I have listened to some of your work and I think even you yourself have just discovered that really, you're more of a new age composer. On this level, I don't think that your work is bad at all in fact some of it is really nice, I just have a hard time considering it as "Classical" even considering it as "modern or contemporary classical".

I think your style doesn't really sit well in that light.

As I said before, that doesn't mean that your work is not good. I do think however, you are possibly trying to run before you can walk in some sense. What I mean by that is that your enthusiasm is fantastic and your love for music is obvious, but you haven't yet got all the tools you need to develop you work. We ALL have room for improvement in our skills and our performance and our knowledge of musical theory. Each time we learn something new, we can then try to apply it to our work, sometimes with more success than other times, but in this way, we keep learning.

Am I right in thinking that you are largely self taught, or did you have some training on the piano?

One thing I would say is that your music (considering it as New age), it could do with a beat and some accompaniment maybe from strings for example, to give it a bit of depth. Who knows, if that is the path you decide to follow, you could well be making money in the future from your work if you keep on developing your skills, I would have to say that it is probably a more lucrative market than exists for new Classical composers.

Don't stop doing what your doing just because people here don't seem to get you. Find your niche and hone your skills and do it because you love it and for no other reason and it will bring you a lifetime of joy.

I think there are sites out there more suited to your style than this one and maybe you would have a more receptive audience on a different site, but that doesn't mean that you should leave this one. You could learn an awful lot here if you really do want to improve your skill set as there are few sites with as many very learned members as you have here.

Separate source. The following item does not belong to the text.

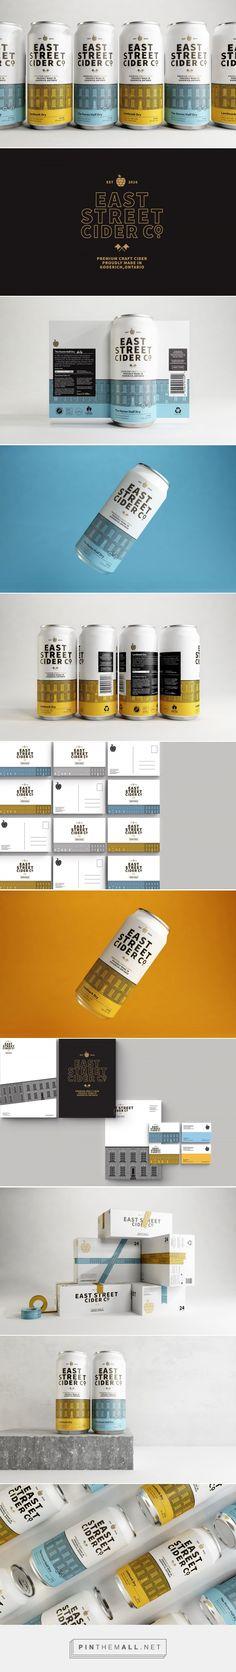 East Street Cider Co. packaging design by makebardo - https://www.packagingoftheworld.com/2018/06/east-street-cider-co.html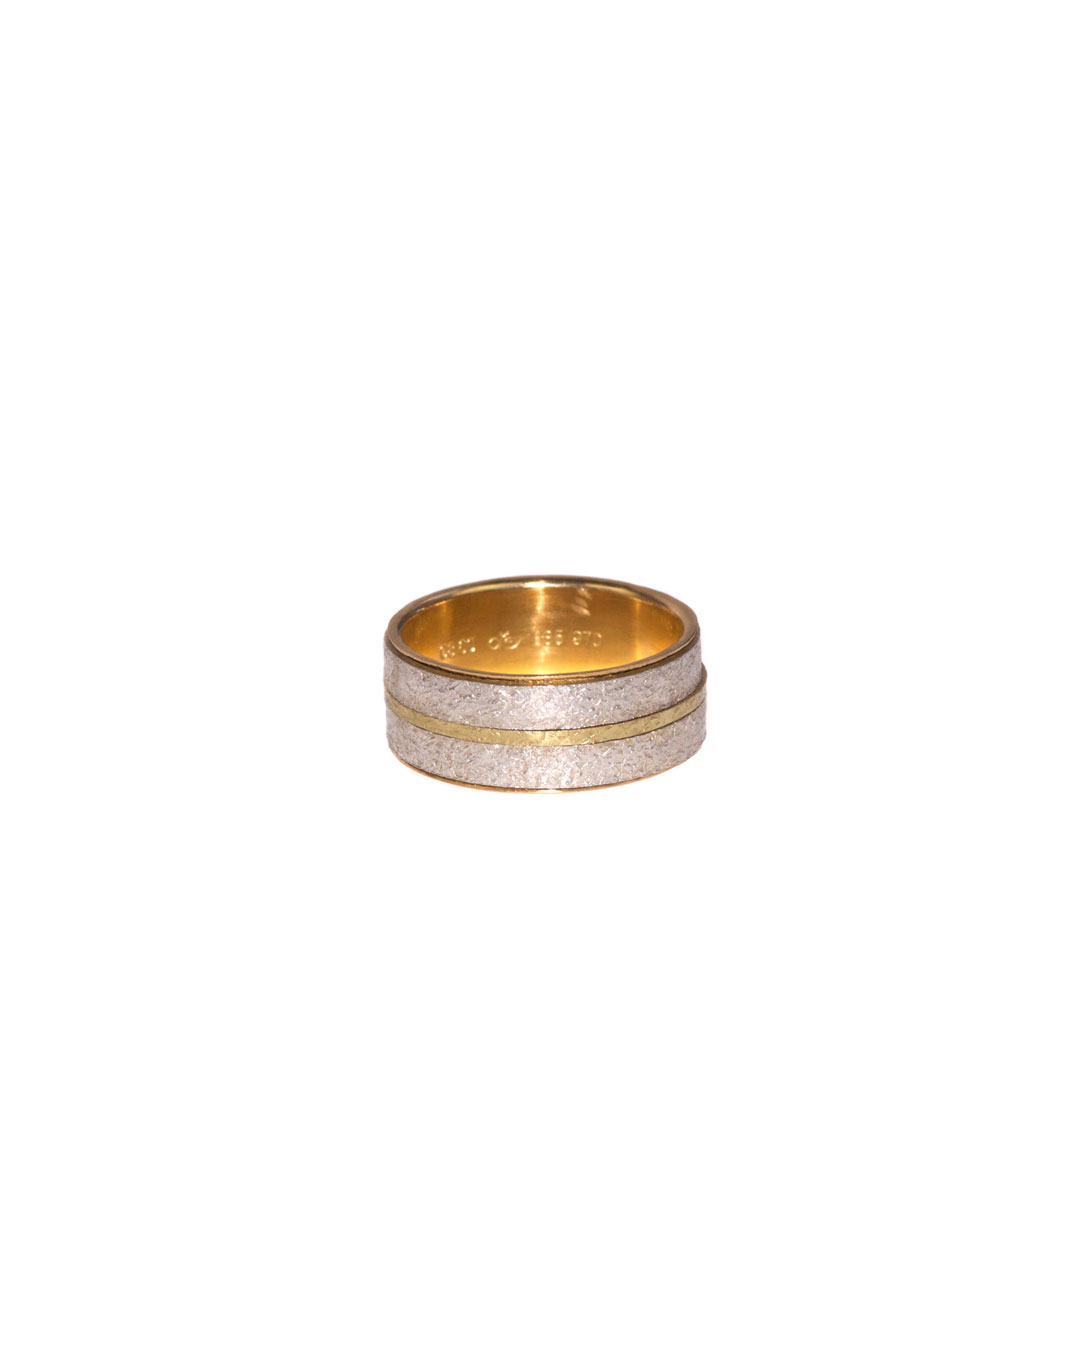 Okinari Kurokawa, untitled, 2008, ring; 20ct gold, 970 silver, 20 x 8 mm

I hope you don't mind my comments, these are only my personal thoughts and others may not agree.

Mark


----------



## Alexanbar (May 11, 2016)

A composer make a music because it is the state of his soul.
Of course, it is desirable that his music is needed, but it is a bonus ... 

He must go a long way to popularity.

I think that your music born from hands. I.e. you seet with piano and starting a playing something...


----------



## Captainnumber36 (Jan 19, 2017)

MarkMcD said:


> Hi Captainnumber 36,
> 
> I think that the problem you're experiencing is due to this being largely a community of classical music appreciation. The composers part of the forum is probably one of the least visited sections, in as much as the forum is more designed for folks to "Talk Classical". To discuss all aspects of classical music.
> 
> ...


You said that quite eloquently!


----------



## Captainnumber36 (Jan 19, 2017)

I don't feel broken, I feel understood and I get it! I really needed to hear a lot of the stuff I have learned on this site about my own music.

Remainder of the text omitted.